Dois policiais desceram do carro, um com uma arma e uma lanterna apontadas para a gente e o outro vindo em nossa direção para revistar. O Neuza tentou olhar para um deles e já foi tomando um empurrão com as mãos do policial para que voltasse a cabeça para a parede. Ninguém se arriscou falar nada.
_ Tudo limpo. – Informou o guarda da revista.
Vizinhos começaram a apontar suas cabeças por muros e janelas. A tia Josefa saiu às pressas.
_ O que está acontecendo aqui?!? – Dizia, desesperada, ao ver seu filho e neto de encontro à parede.
_ Perturbação da ordem e possibilidade de furto, senhora. Já enquadramos os suspeitos.
_ Mas são meu filho, meu neto e os amigos deles! Meu sobrinho está aí também!
Os policiais se sentiram perdidos.
_ Recebemos telefonemas de barulhos e correrias na rua. Um dos vizinhos disse que andavam por sobre os muros e telhados das casas.

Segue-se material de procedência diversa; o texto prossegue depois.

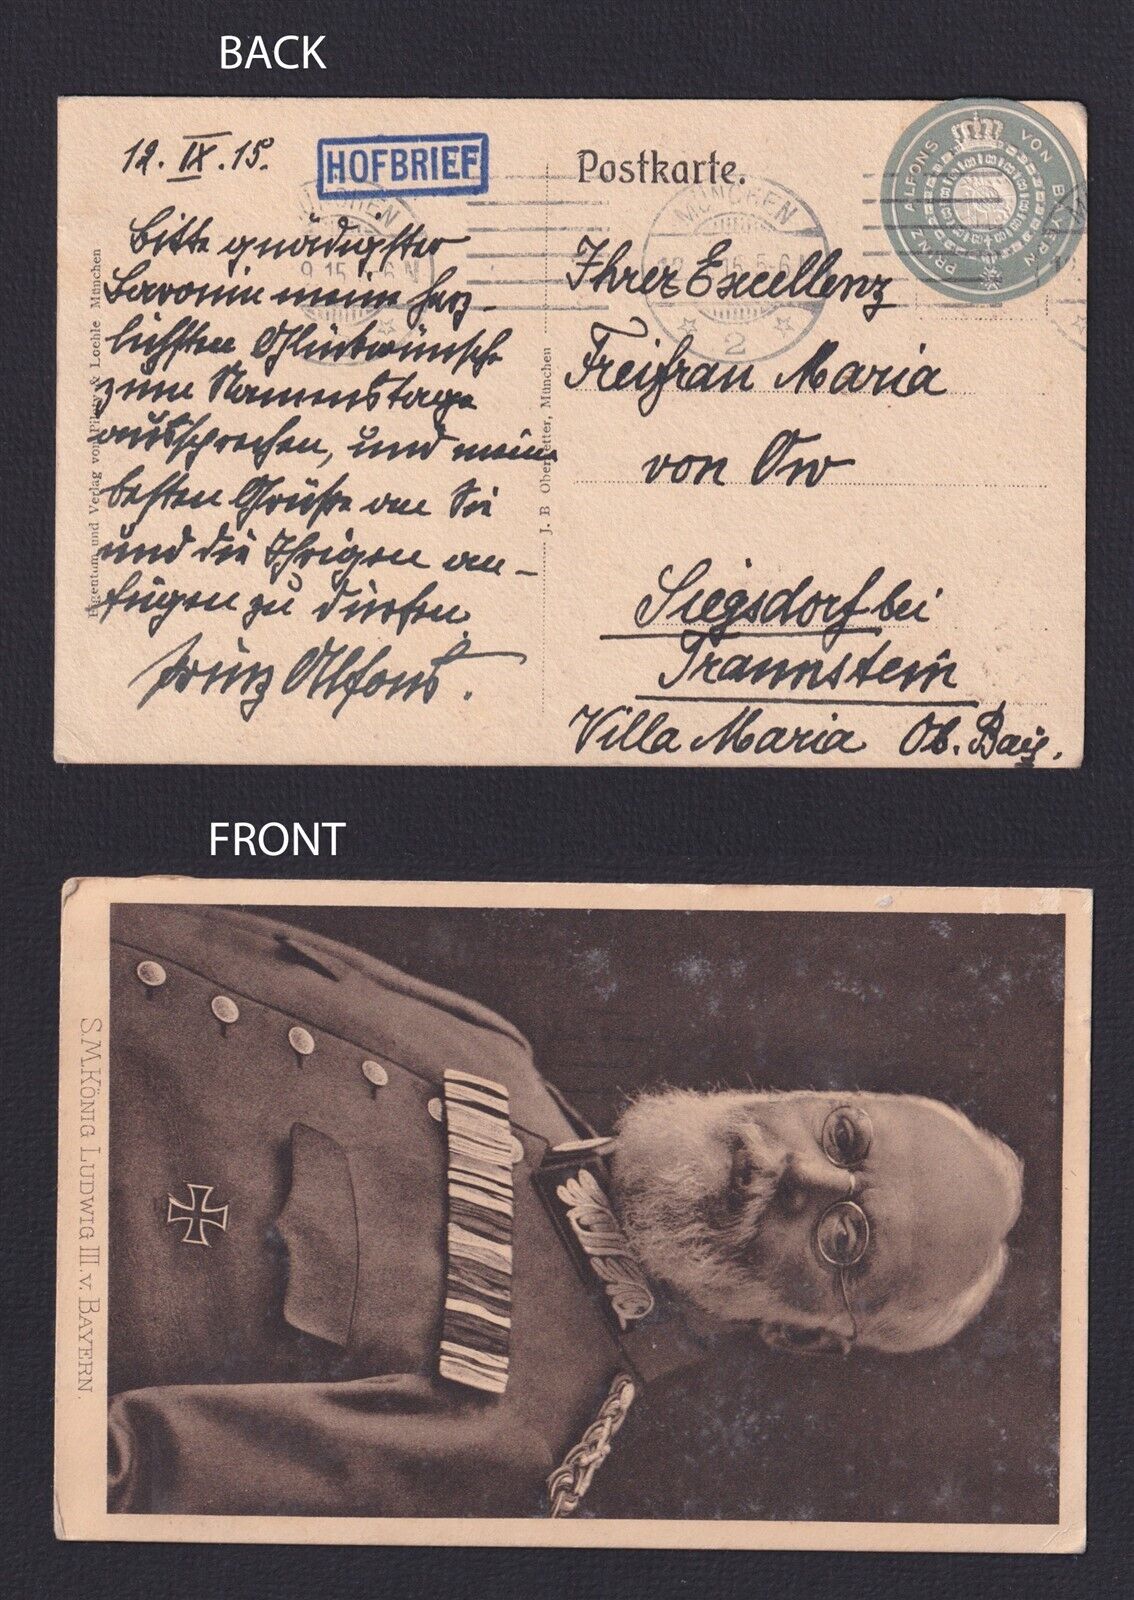 GERMANY 1915, Postcard written by Prince Alfons of Bavaria, Hofbrief, Autograph 
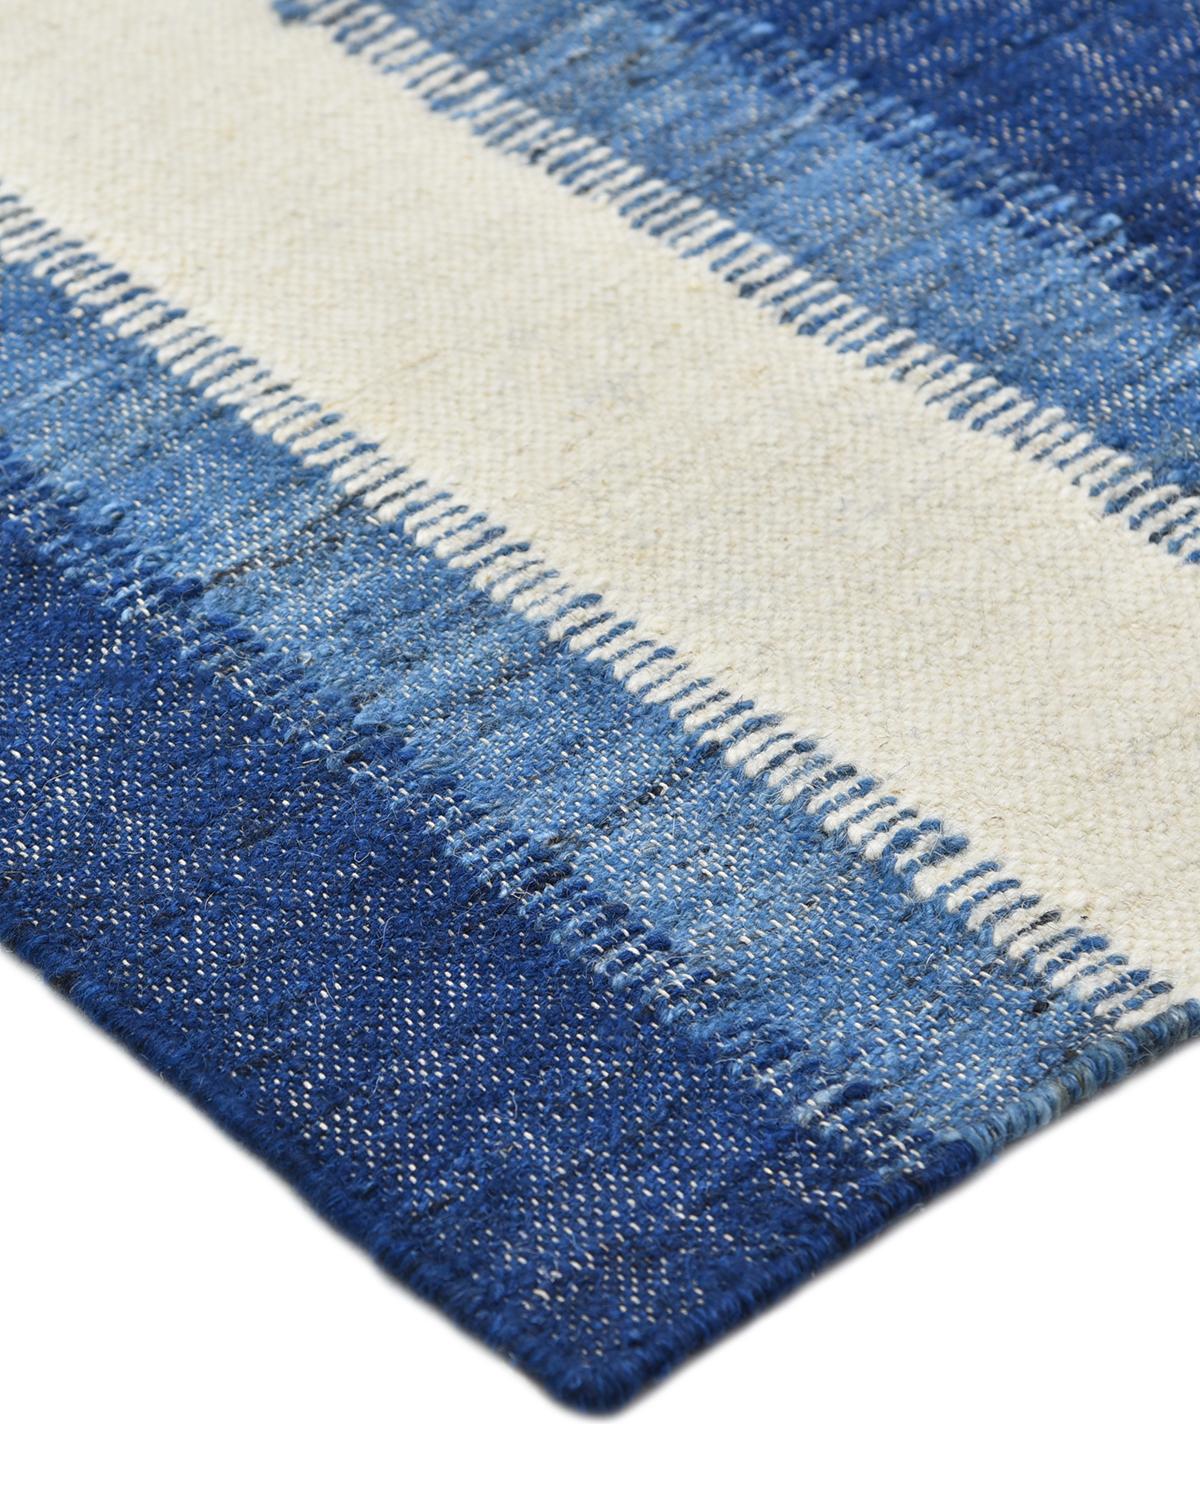 Durable and low-maintenance, flatweave rugs are especially popular for high-traffic rooms. The Flatweave collection is beautiful as well as practical. The quiet patterns and understated colors make them suited for a traditional living rooms as well

Começamos a nos virar devagar. Foi o Helinho quem se arriscou:
_ Estávamos brincando de esconde-esconde.
_ Esconde-esconde? Nessa idade? – Se espantou um policial.
_ É. Não tinha nada pra fazer achamos que seria divertido. – Completei.
Os policiais relaxaram um pouco. Os vizinhos foram perdendo o interesse pela situação.
_ Jovens, entendo que nossa cidade não tem muito a oferecer, mas vocês têm que entender também que assustaram os vizinhos com os barulhos e a correria. Não é todo dia que pessoas na idade de vocês fazem isso. Procurem outra coisa para fazer.
Concordamos com a cabeça e eles foram embora. A tia Josefa também pediu mais cuidado e entrou. Acendemos cigarros.
_ Tentamos brincar de modo inocente e não deu. – Disse o Mário.
_ O jeito é beber mesmo. – Acrescentou o Hugo.
_ Vamos para o Pescocinho então. – Convocou o André.

E assim seguimos para mais uma sexta regada a cerveja, cigarro, fliperama e bilhar. Fazer o que?